[Extracted entries]

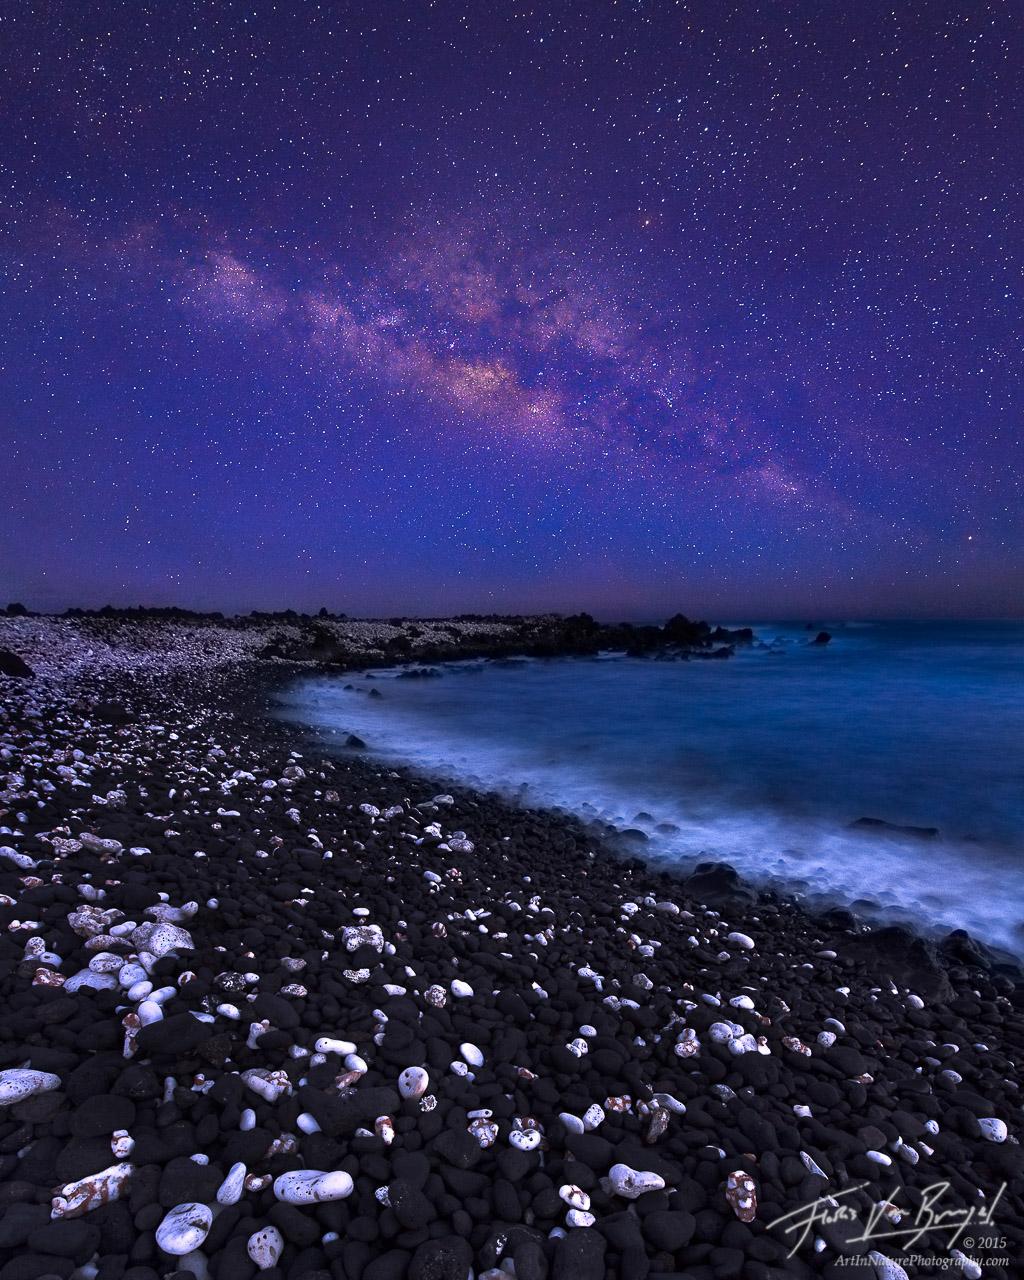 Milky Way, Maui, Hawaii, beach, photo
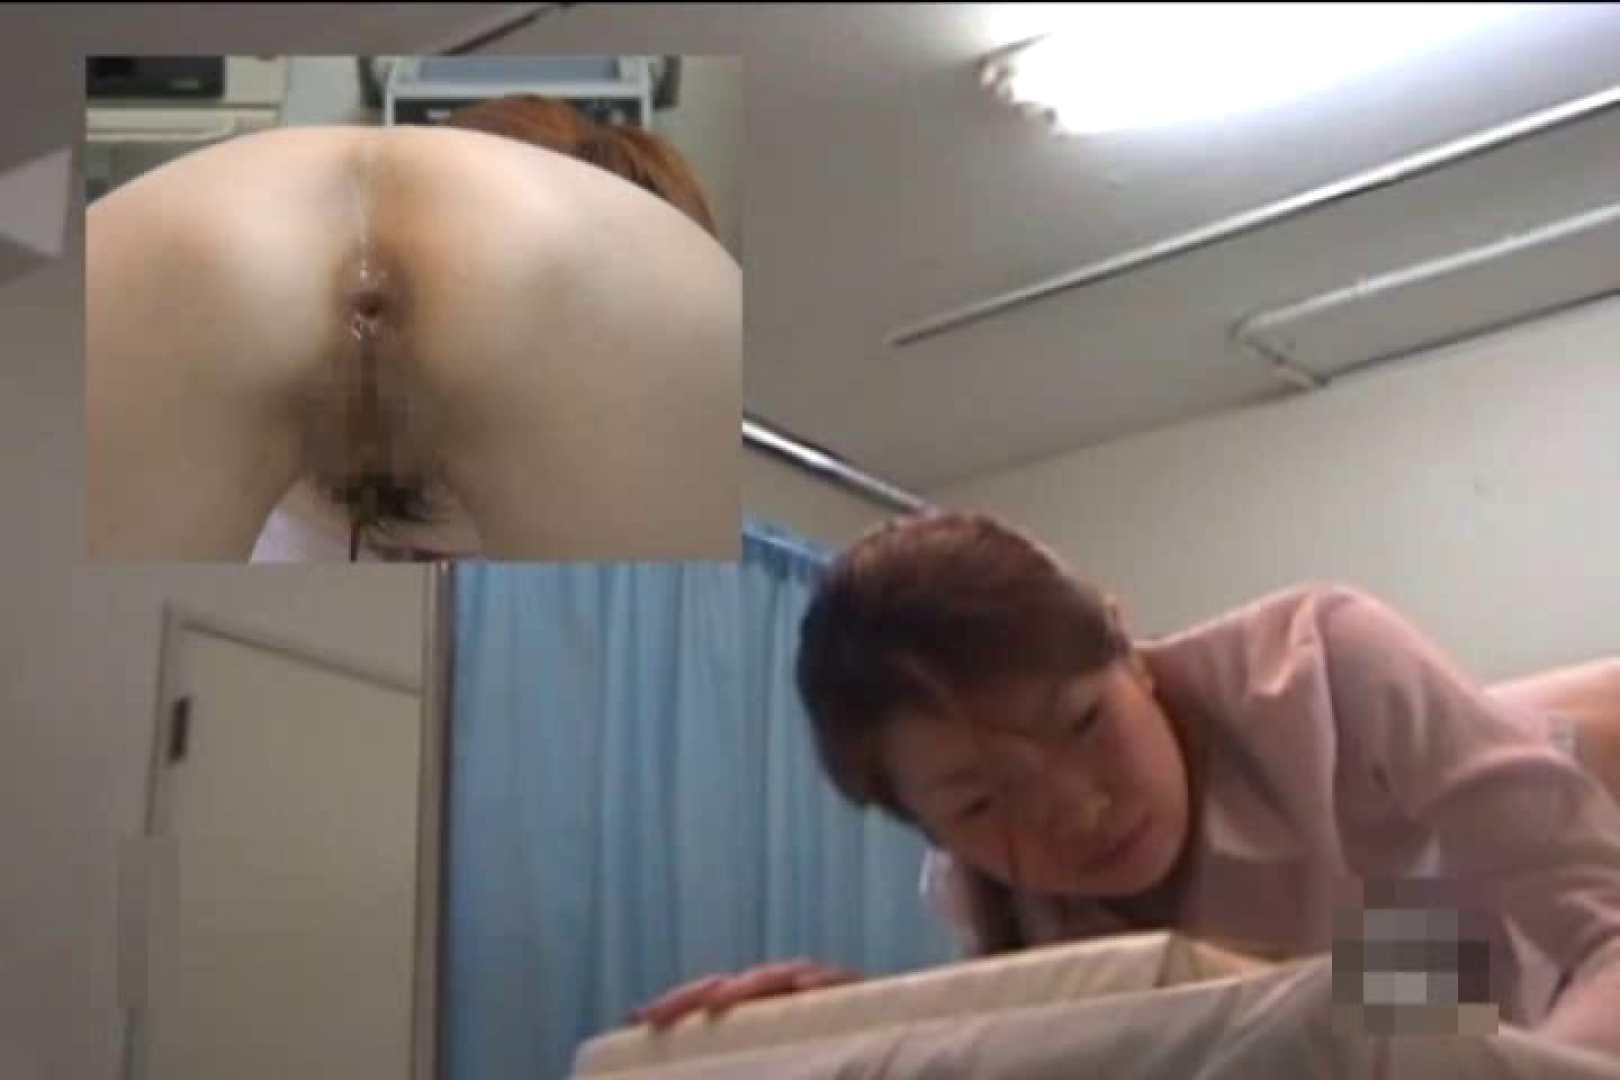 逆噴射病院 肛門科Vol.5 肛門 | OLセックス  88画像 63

[/Extracted entries]
[Extracted entries]

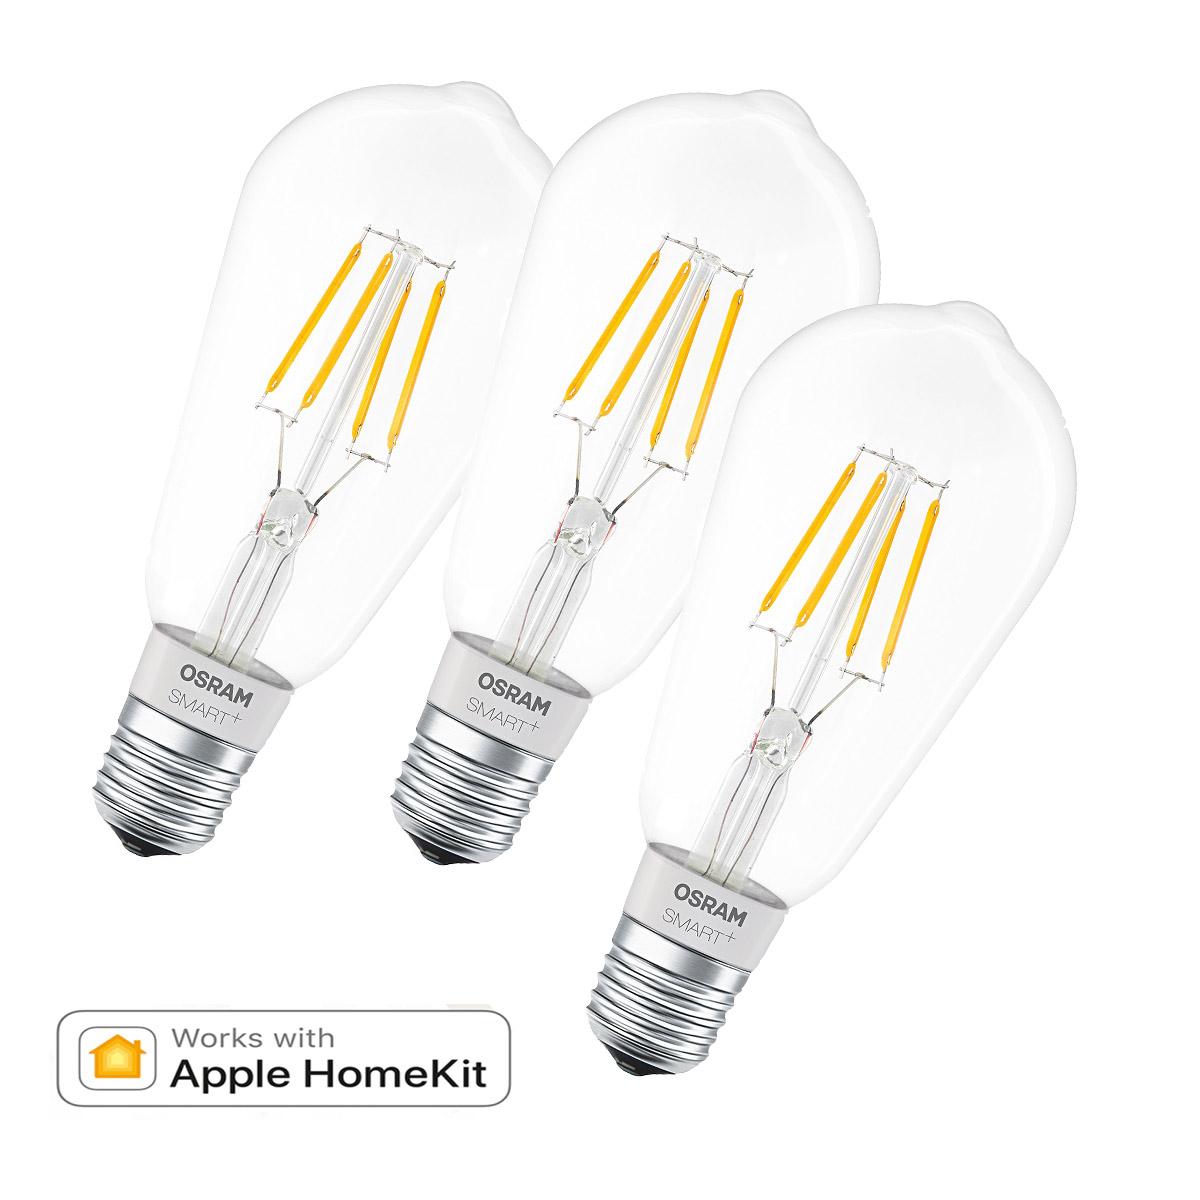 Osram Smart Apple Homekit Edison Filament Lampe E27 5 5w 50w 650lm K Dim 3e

[/Extracted entries]

*What you will do*: Starting with the line above that holds "Milky Way, Maui, Hawaii, beach, photo", restate each line word for word up to and including the line that holds "逆噴射病院 肛門科Vol.5 肛門". Drop the pictures.

*Completed task*:
 Milky Way, Maui, Hawaii, beach, photo
 逆噴射病院 肛門科Vol.5 肛門 | OLセックス  88画像 63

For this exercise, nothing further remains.